I used to believe in the concept of being self made. As I became an adult that mental image picture shattered pretty quickly. It just doesn’t seem real to me. Most of my life I have failed. I fail because I try. With the small amount of success that I have had so far in life, what I recall is having help along the way. Whether it was a family member, friend or simply someone who inspired me, I have had some form of help on my journey in life.
When you think of gratitude you usually immediately think of people who helped you in positive way. I think the same way, however, I do think of those who have hurt me in the past. I am grateful for them as well, because they played apart in who I am today. What I am trying to say is, sometimes the bad things that happen to us in life, they drive us to embrace more of our true selves.
I’m sure its rather apparent from recent blogs, but I am in a time of reflection. And during this time of reflection I find that I am grateful for pretty much everyone who has impacted me from birth until now. Sure there are certain individuals that stand out more than others, but I really am grateful for all the people I have connected with at some point in the past.
Fall in love, get your heart broken, get hired, get fired, watch your dream sprout from the ground and then watch it shatter into pieces. Live life a little bit and change seems to become less and less intimidating. I believe it is okay to fall, to get burnt or burn out, but always remember to get back up. I’m grateful for the times I was depressed because it makes feeling joy that much sweeter. I am grateful for being homeless in California because I came to realize is that what we fear in our minds is not always that bad when experienced. I experienced a lot of freedom and joy while being homeless. I’m grateful for the short time in my life.

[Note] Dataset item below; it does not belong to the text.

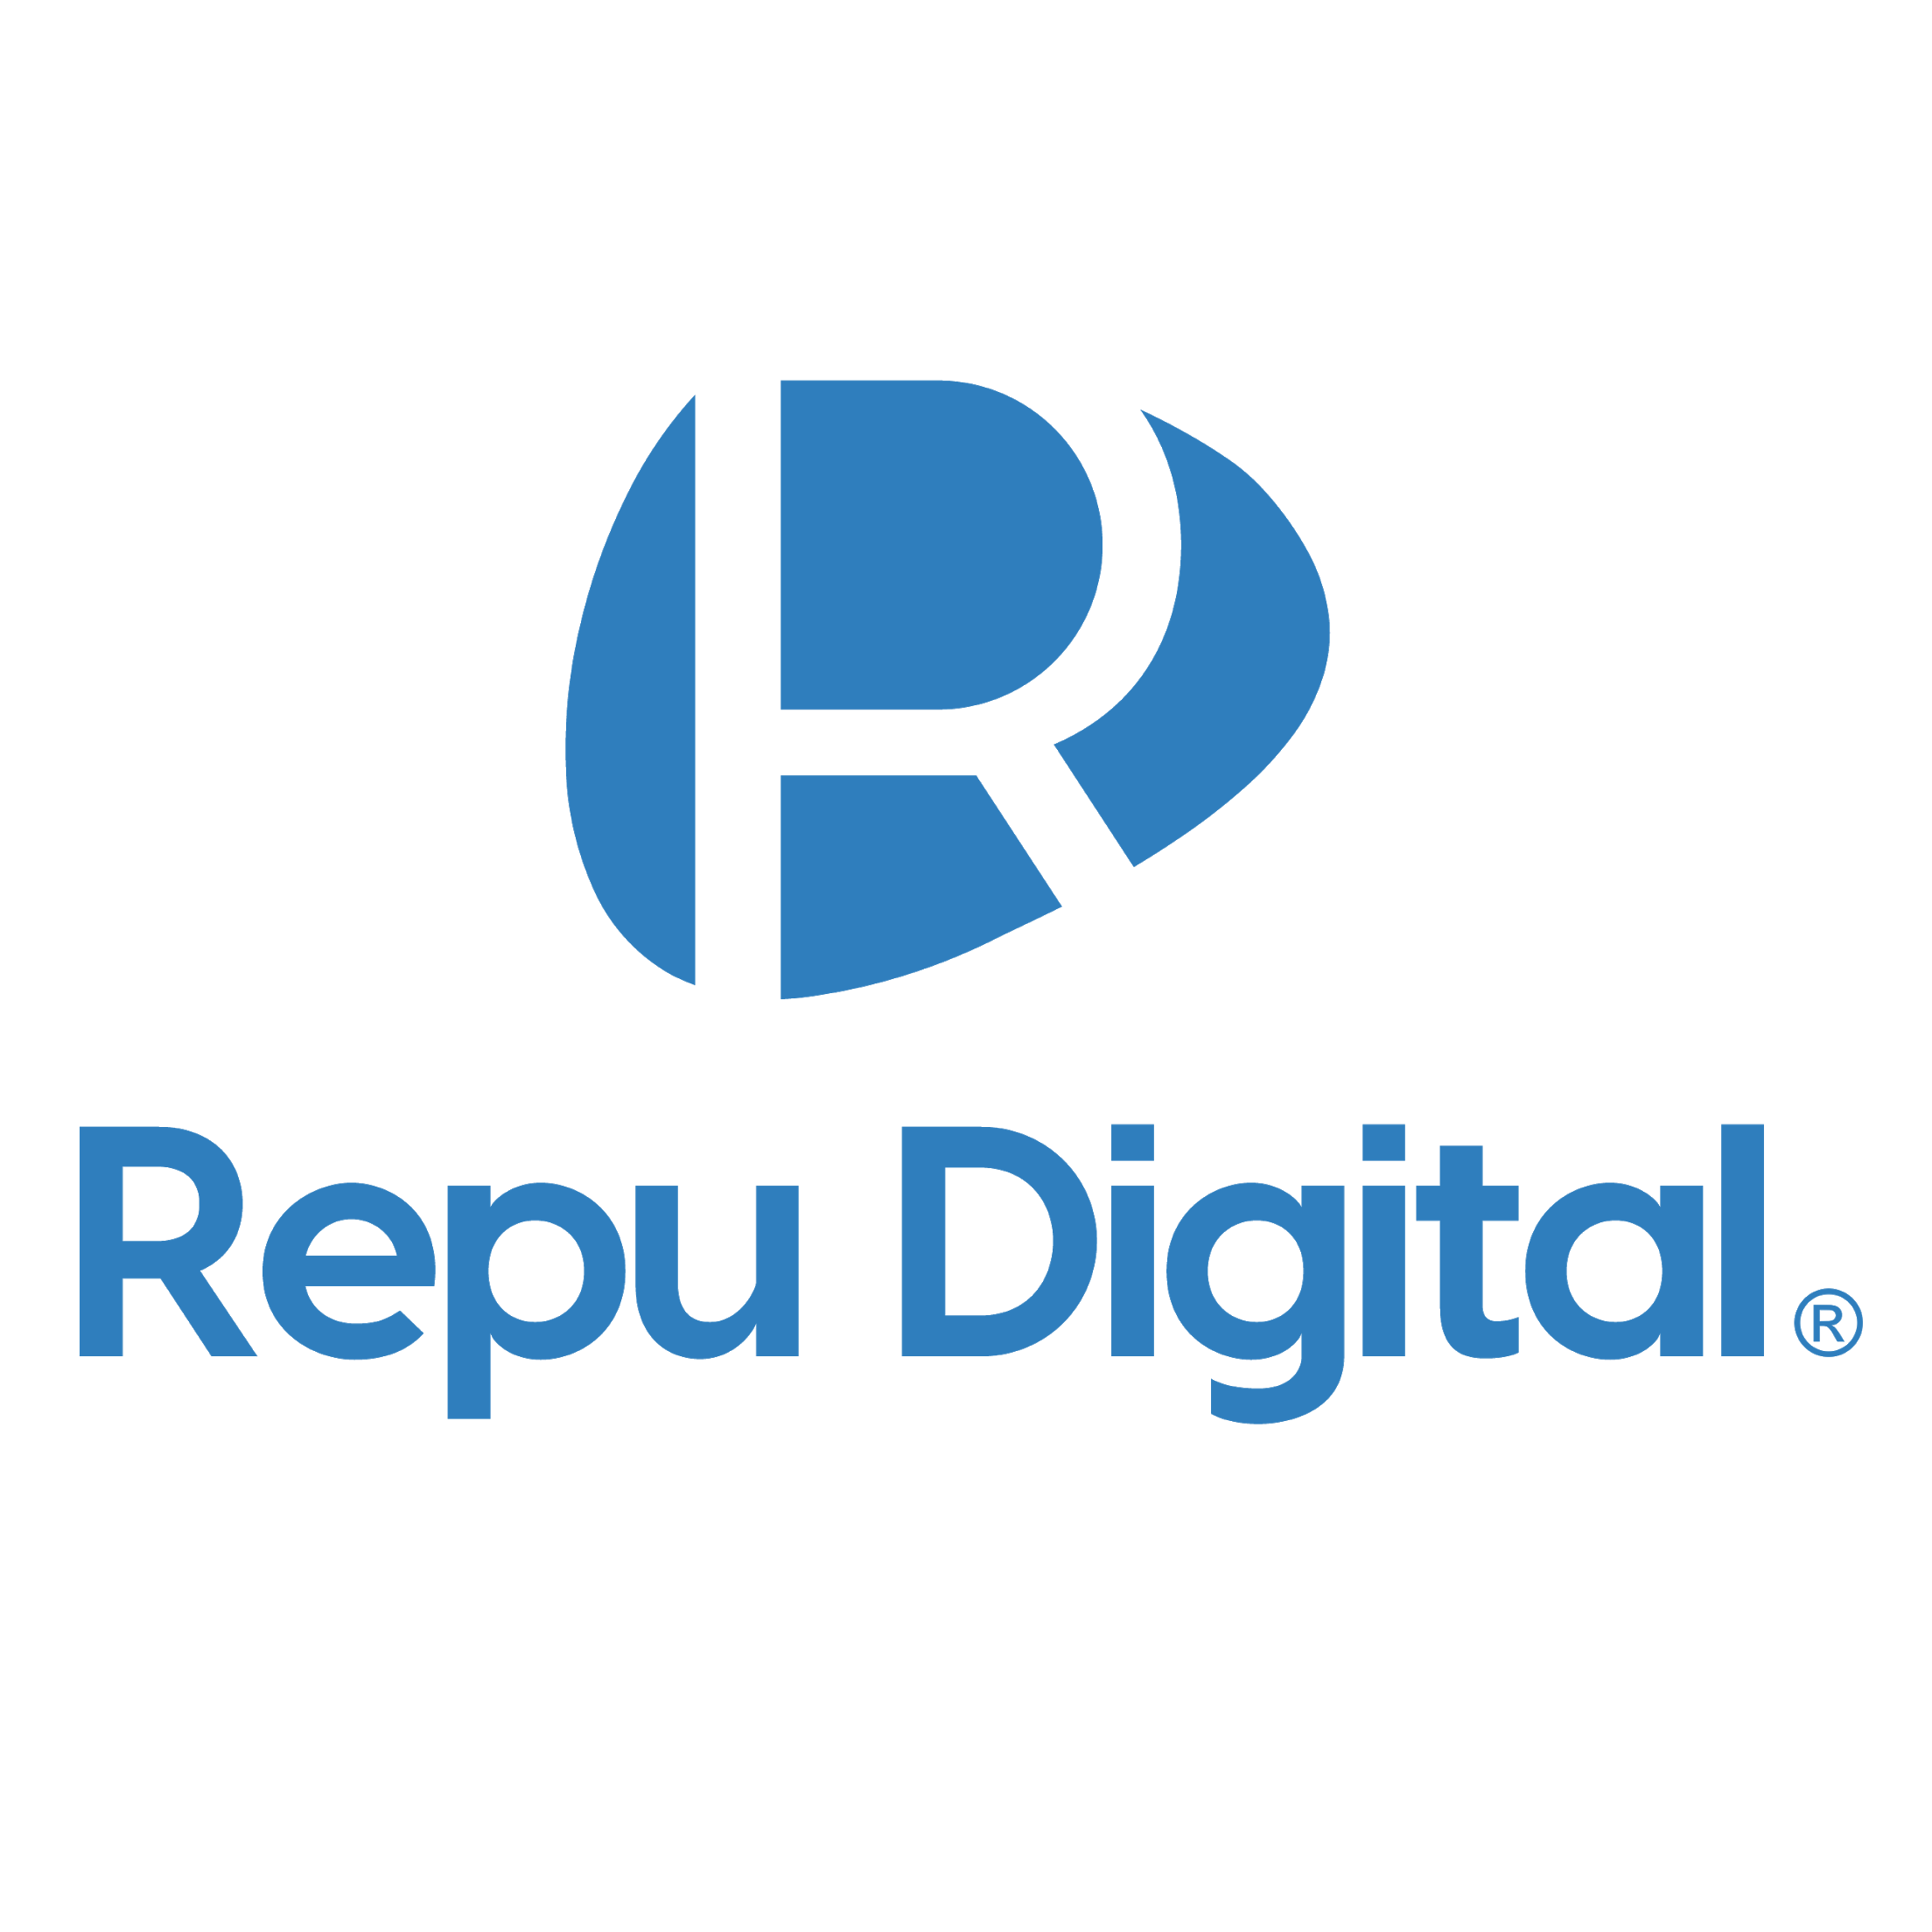 Repu Digital logo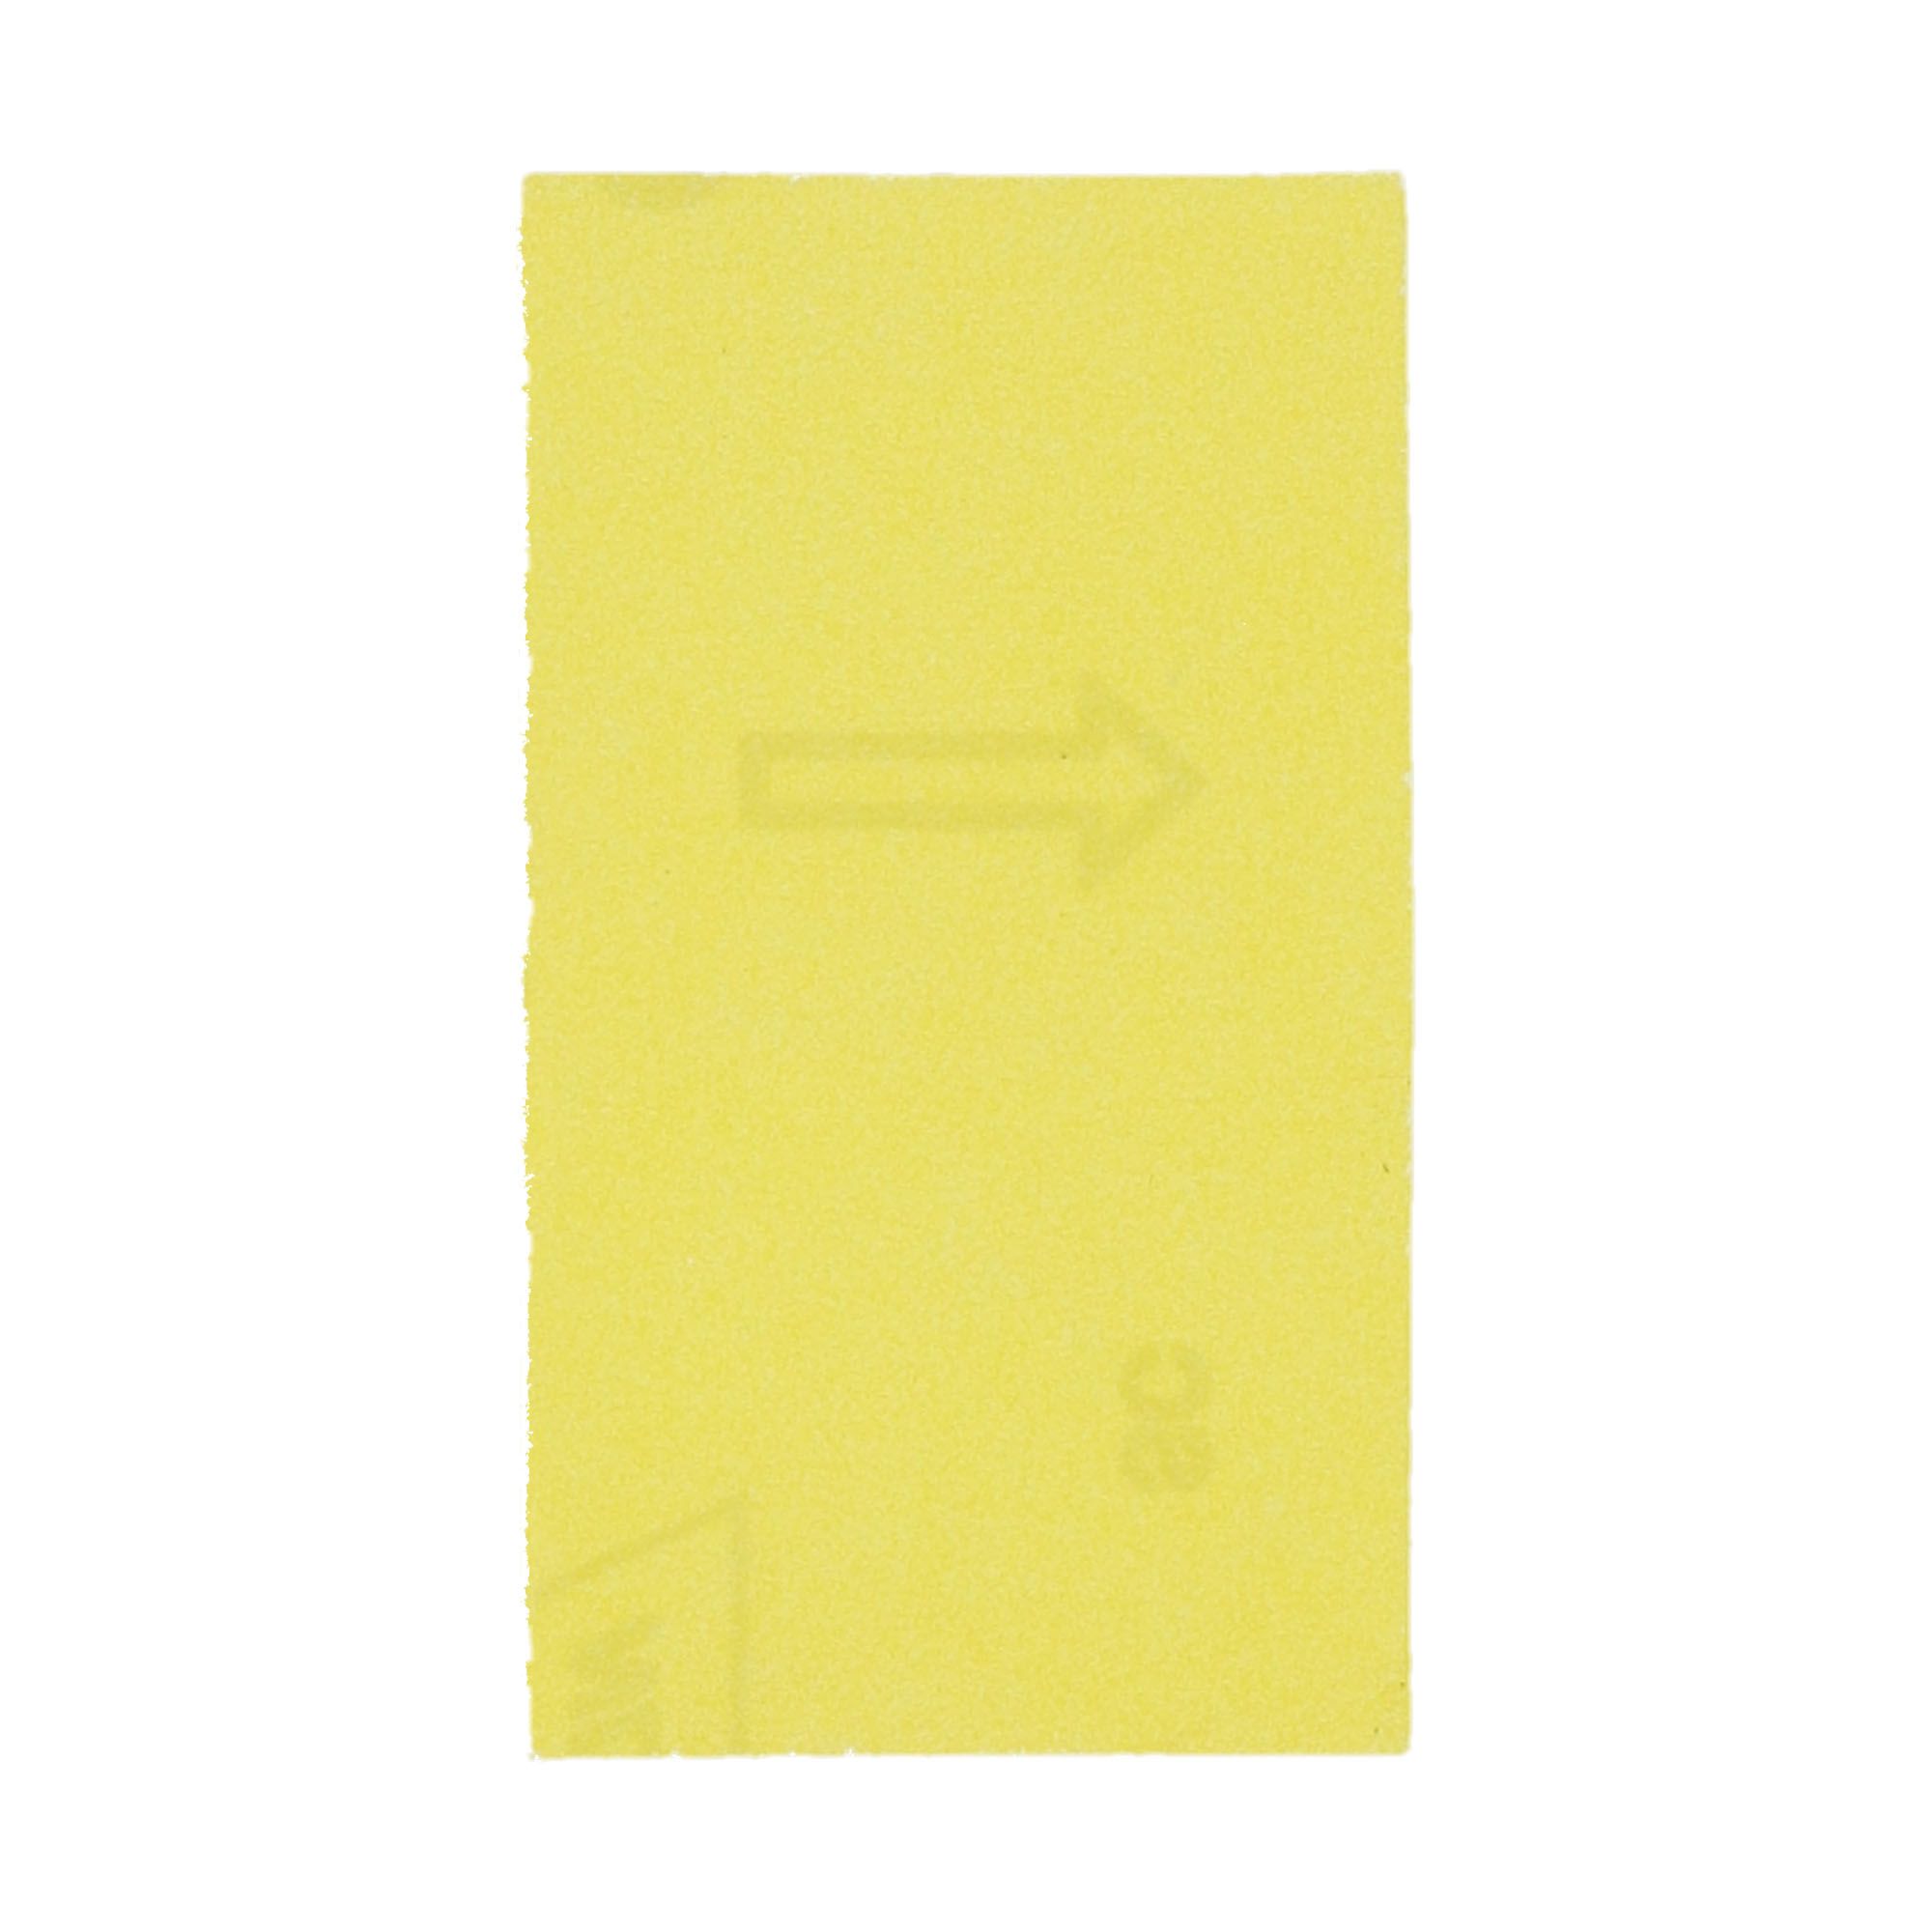 Norton 120 grit Yellow Sanding sheet (L)70mm (W)125mm, Pack of 5

When I was homeless, I had time. The older I get the more I value time. I will take time over money any day. Sure you need money to survive in the modern world, but it doesn’t really play a huge role into my happiness. The way I spend my time though, that is a huge factor regarding my happiness. I am grateful for time. I don’t understand people that are busy, busy, busy. Sure being productive is good thing, but in moderation. I think being able to relax and having time to digest and comprehend what you are doing is important.
I am grateful to be alive, but that is not enough. Feeling alive is what is important. Sure, maybe not every moment in life will be filled with absolute joy, but the more of those you have, those intense moments of love and happiness – that is what makes life worth living. Have you had a moment where you felt so connected to your body that all your senses were heightened? A moment where everything feels so real? Those are moments I am grateful for.